What needs to be done:
The records below hold a stretch from the line with "Lực lượng thú" through the line with "83 New 2020"; return exactly those lines, ends included, and nothing more.

Extracted information:

* * *

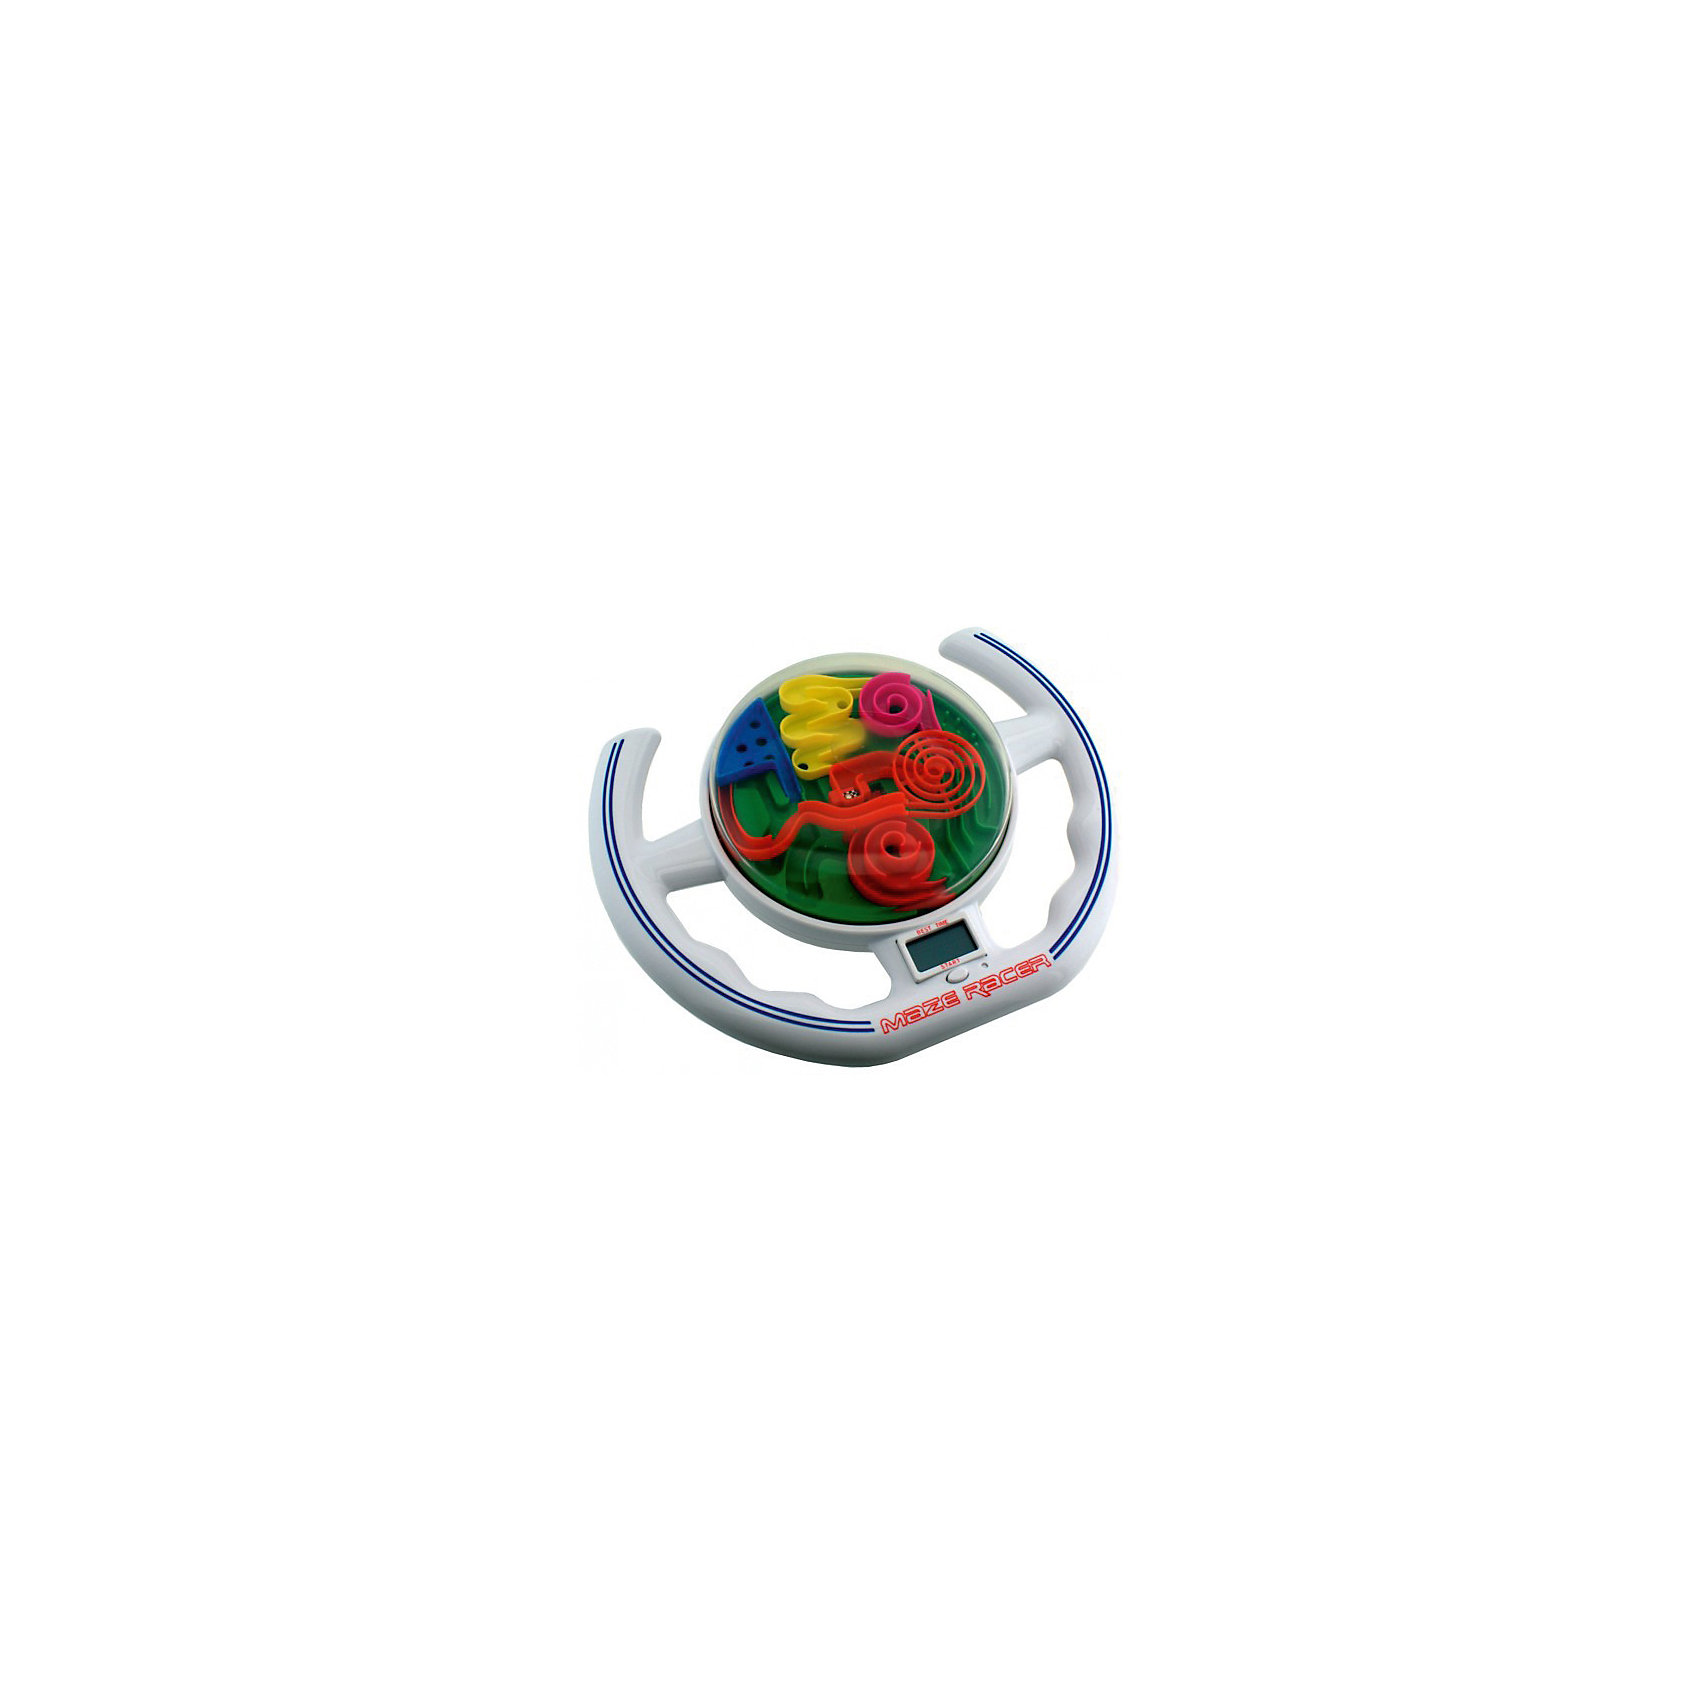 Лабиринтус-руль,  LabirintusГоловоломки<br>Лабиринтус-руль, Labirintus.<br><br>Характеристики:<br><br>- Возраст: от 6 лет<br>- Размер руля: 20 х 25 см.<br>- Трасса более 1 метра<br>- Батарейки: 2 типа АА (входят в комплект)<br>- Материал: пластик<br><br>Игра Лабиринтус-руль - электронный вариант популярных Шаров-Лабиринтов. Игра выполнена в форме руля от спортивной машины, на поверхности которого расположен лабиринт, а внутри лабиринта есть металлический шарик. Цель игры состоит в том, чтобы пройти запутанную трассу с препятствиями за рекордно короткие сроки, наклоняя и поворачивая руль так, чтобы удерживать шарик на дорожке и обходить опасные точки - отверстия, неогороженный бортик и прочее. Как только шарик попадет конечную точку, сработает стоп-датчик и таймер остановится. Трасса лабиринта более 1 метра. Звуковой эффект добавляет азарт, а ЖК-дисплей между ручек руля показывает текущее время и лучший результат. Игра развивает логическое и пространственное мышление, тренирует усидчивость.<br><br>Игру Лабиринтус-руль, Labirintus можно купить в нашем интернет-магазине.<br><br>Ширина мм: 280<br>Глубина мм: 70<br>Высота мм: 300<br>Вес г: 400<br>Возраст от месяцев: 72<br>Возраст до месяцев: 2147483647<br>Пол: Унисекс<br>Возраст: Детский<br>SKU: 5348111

* * *

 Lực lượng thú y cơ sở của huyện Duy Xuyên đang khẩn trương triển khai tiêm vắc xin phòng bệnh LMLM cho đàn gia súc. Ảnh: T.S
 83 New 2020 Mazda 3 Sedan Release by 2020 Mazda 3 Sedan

* * *

Answer for this exercise:
 Lực lượng thú y cơ sở của huyện Duy Xuyên đang khẩn trương triển khai tiêm vắc xin phòng bệnh LMLM cho đàn gia súc. Ảnh: T.S
 83 New 2020 Mazda 3 Sedan Release by 2020 Mazda 3 Sedan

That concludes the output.